How to complete this task
All of the data is to be printed exactly, though the images must be left off.

Dataset extract
__________________________________________________

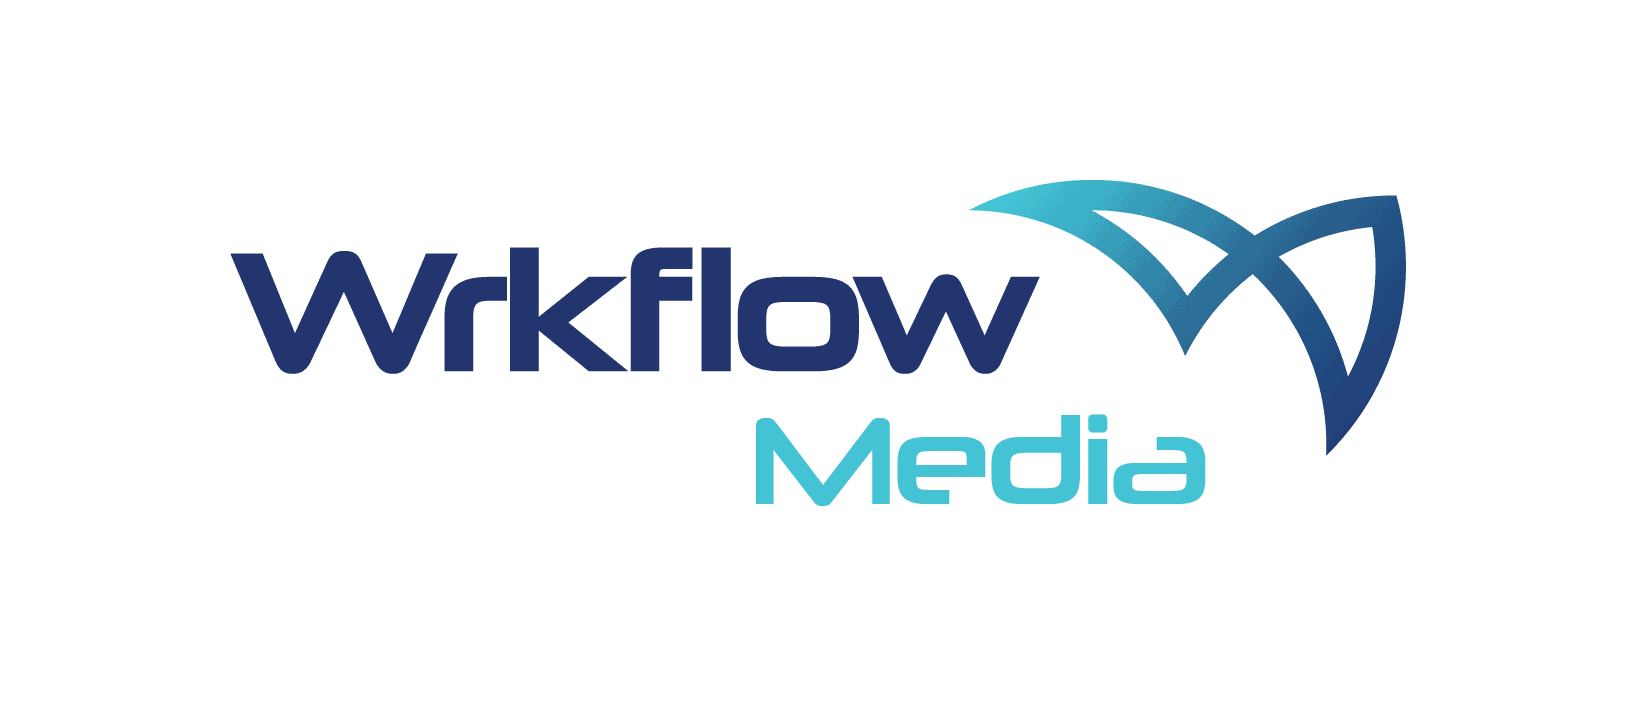 Workflow media logo e1630879464138
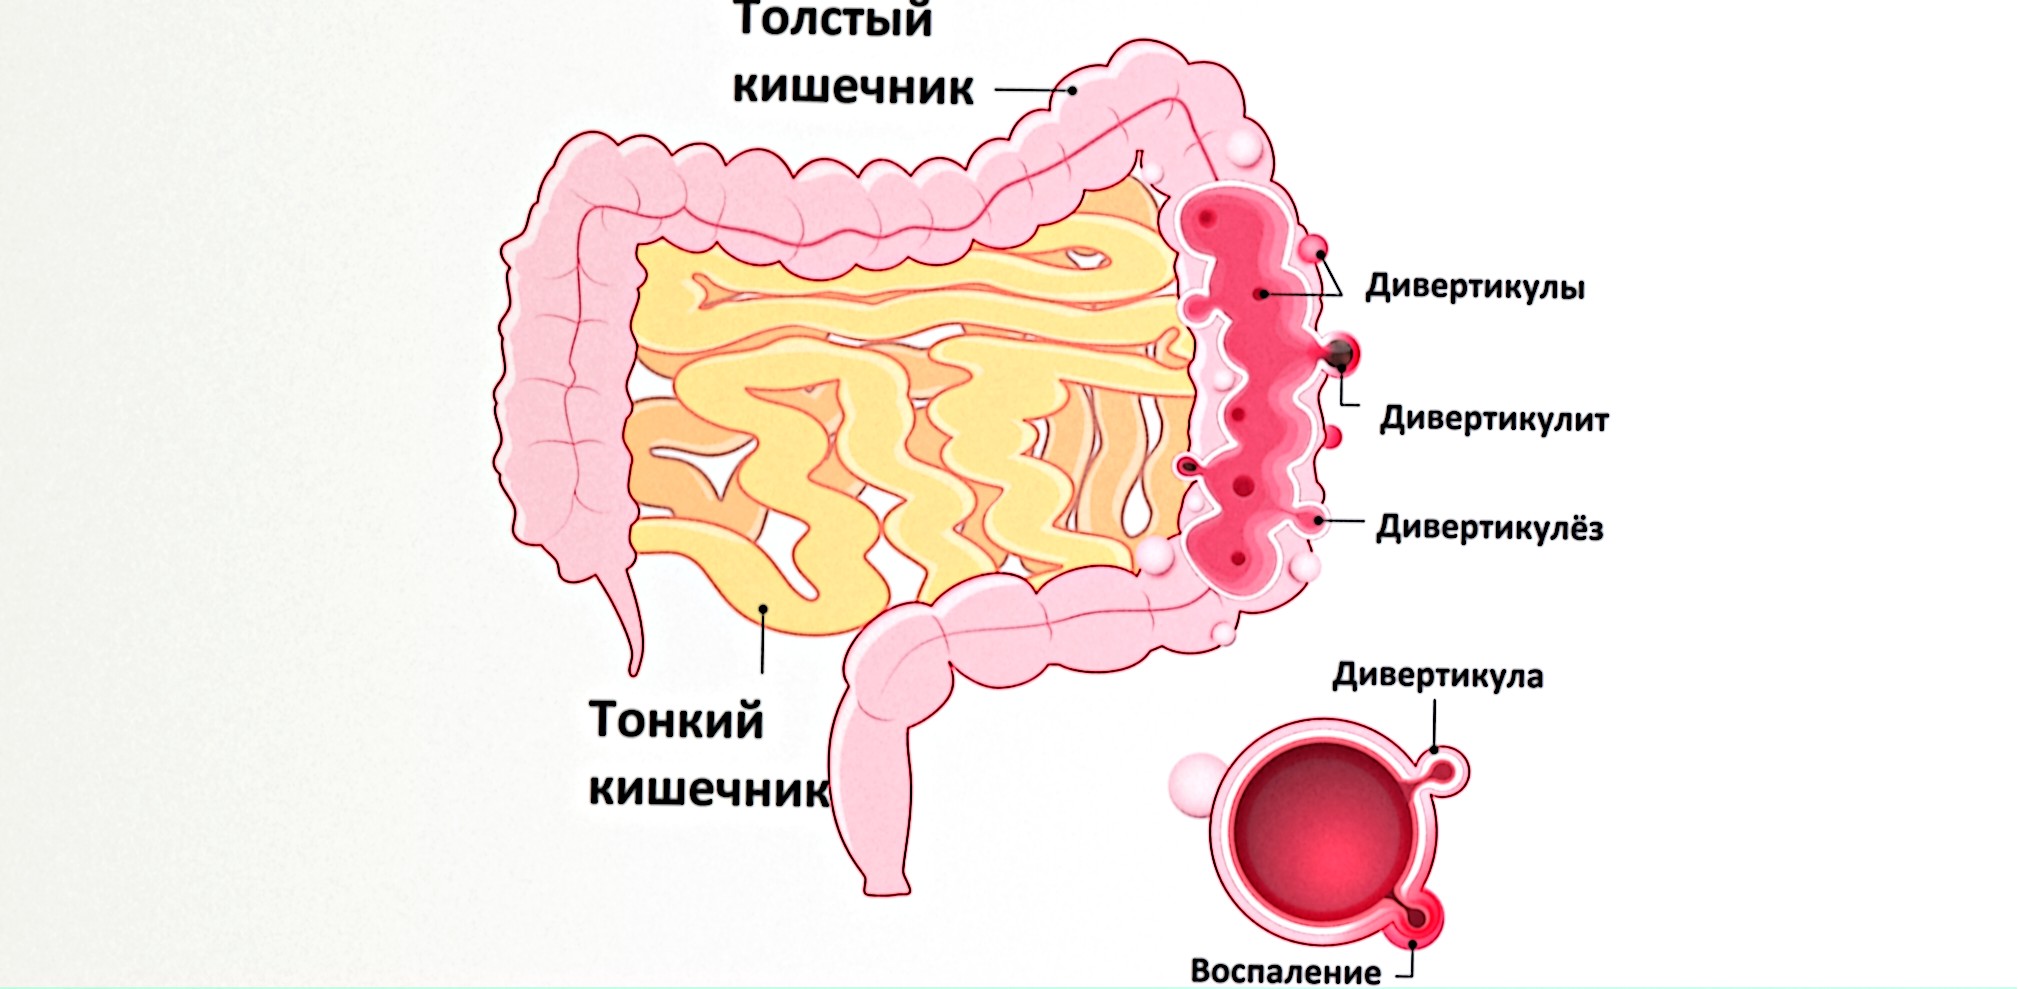 Дивертикулярная болезнь толстой кишки (ДБТК)
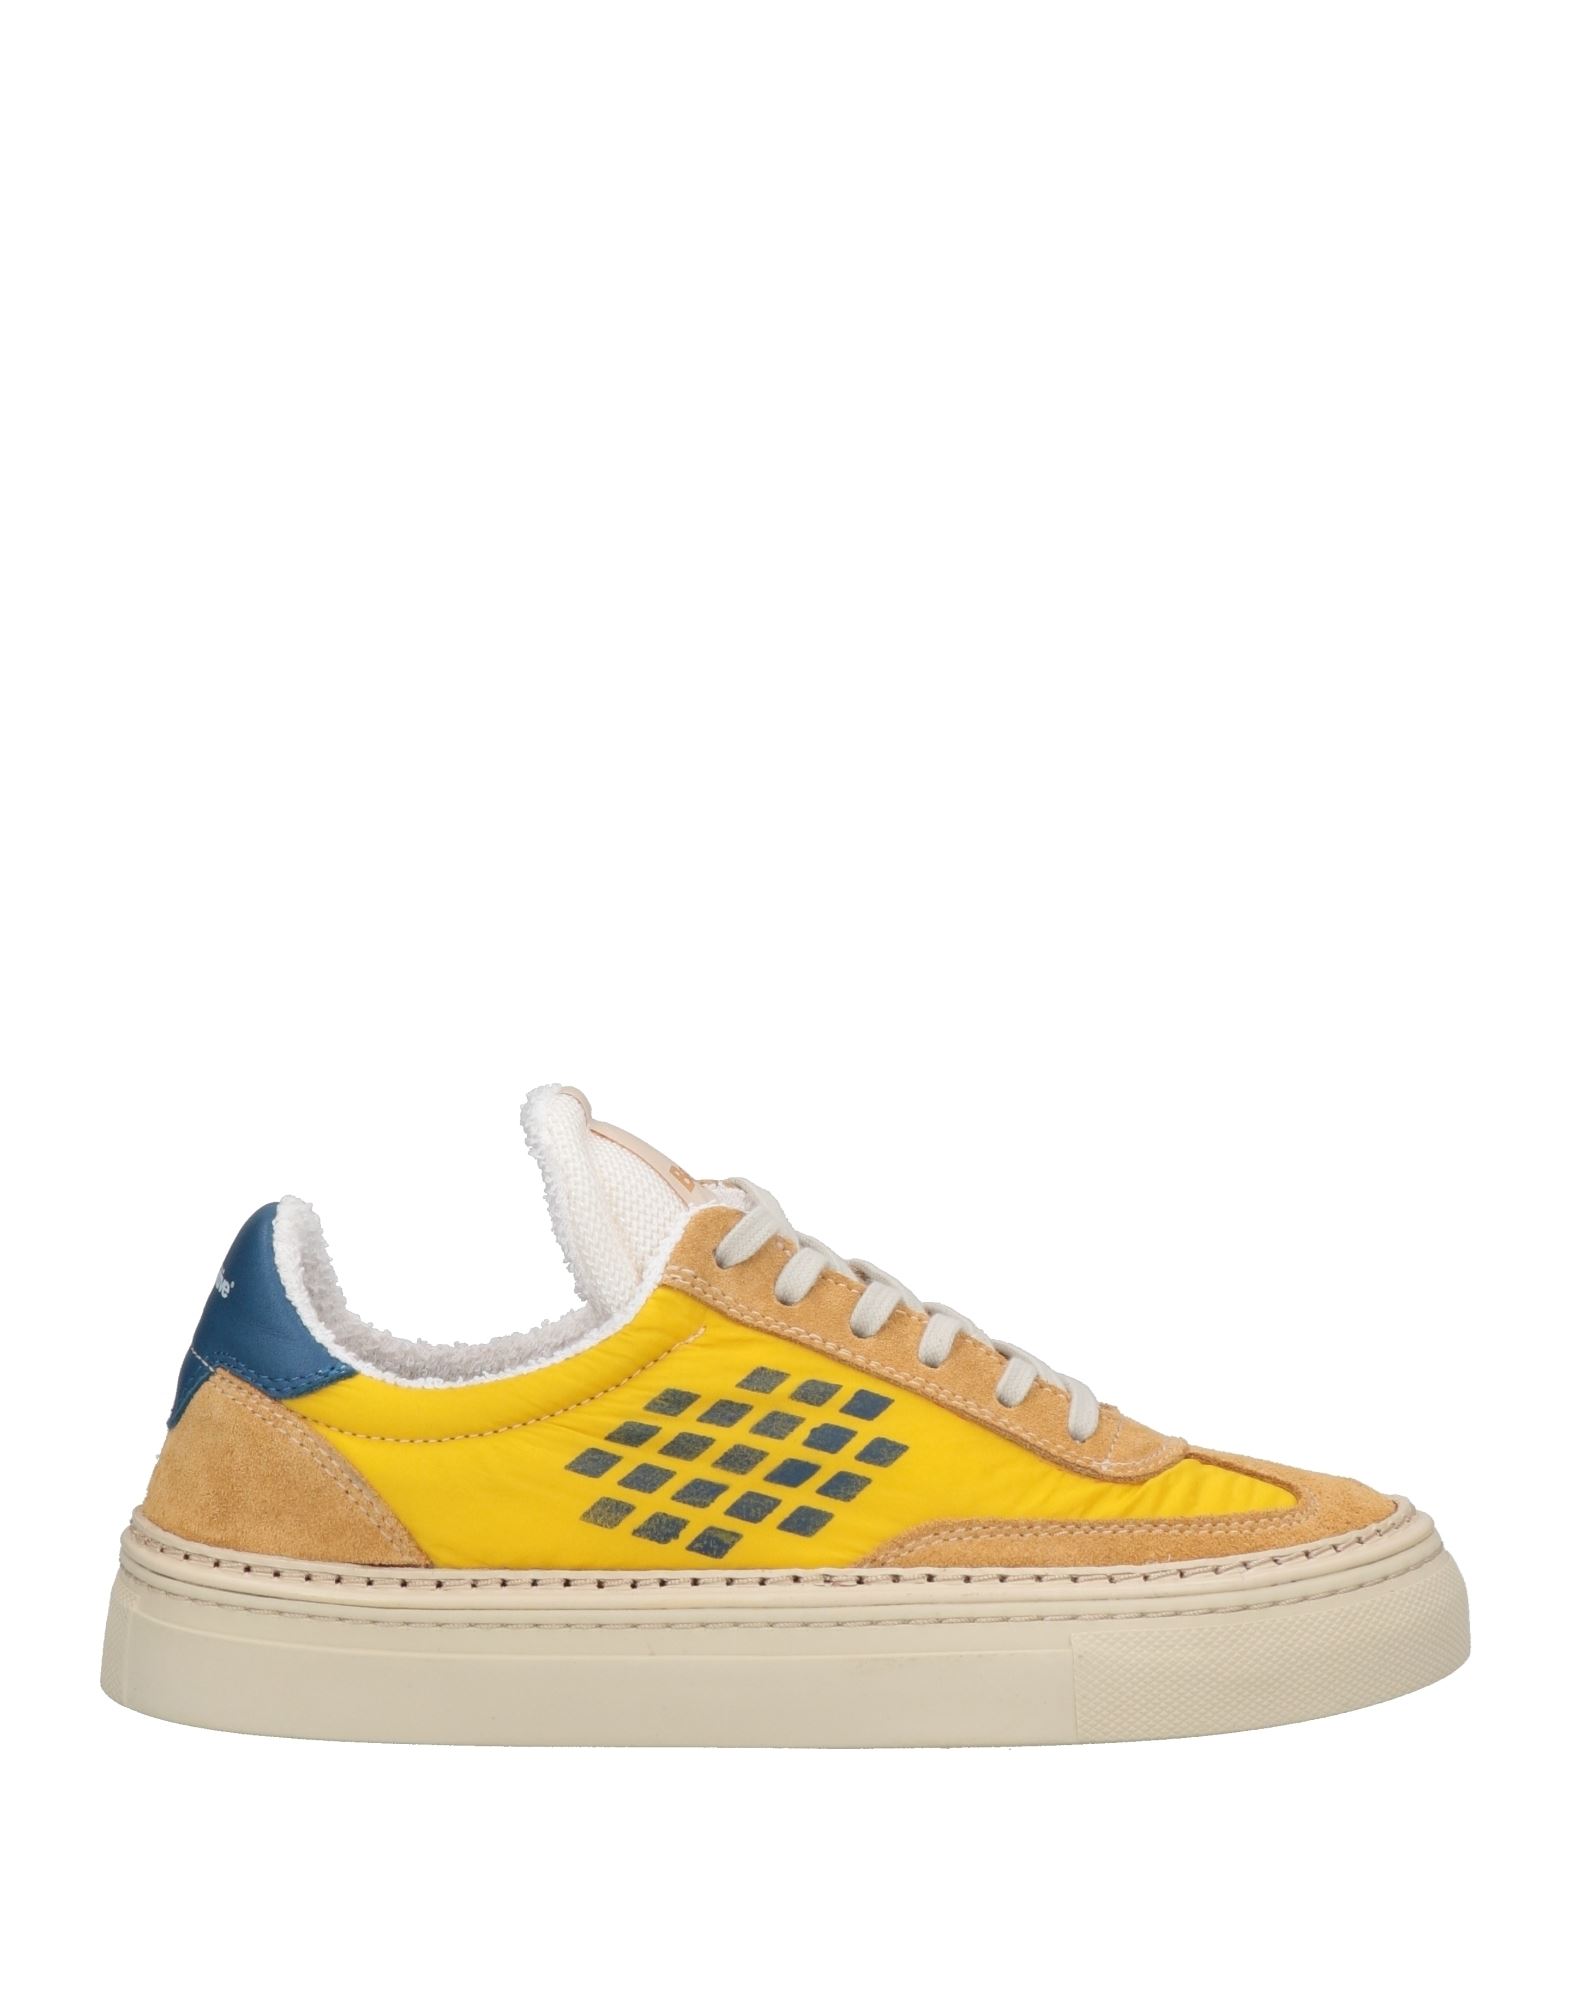 Bepositive Sneakers In Yellow

__________________________________________________

Answer section
 Workflow media logo e1630879464138
 Дивертикулярная болезнь толстой кишки (ДБТК)
 Bepositive Sneakers In Yellow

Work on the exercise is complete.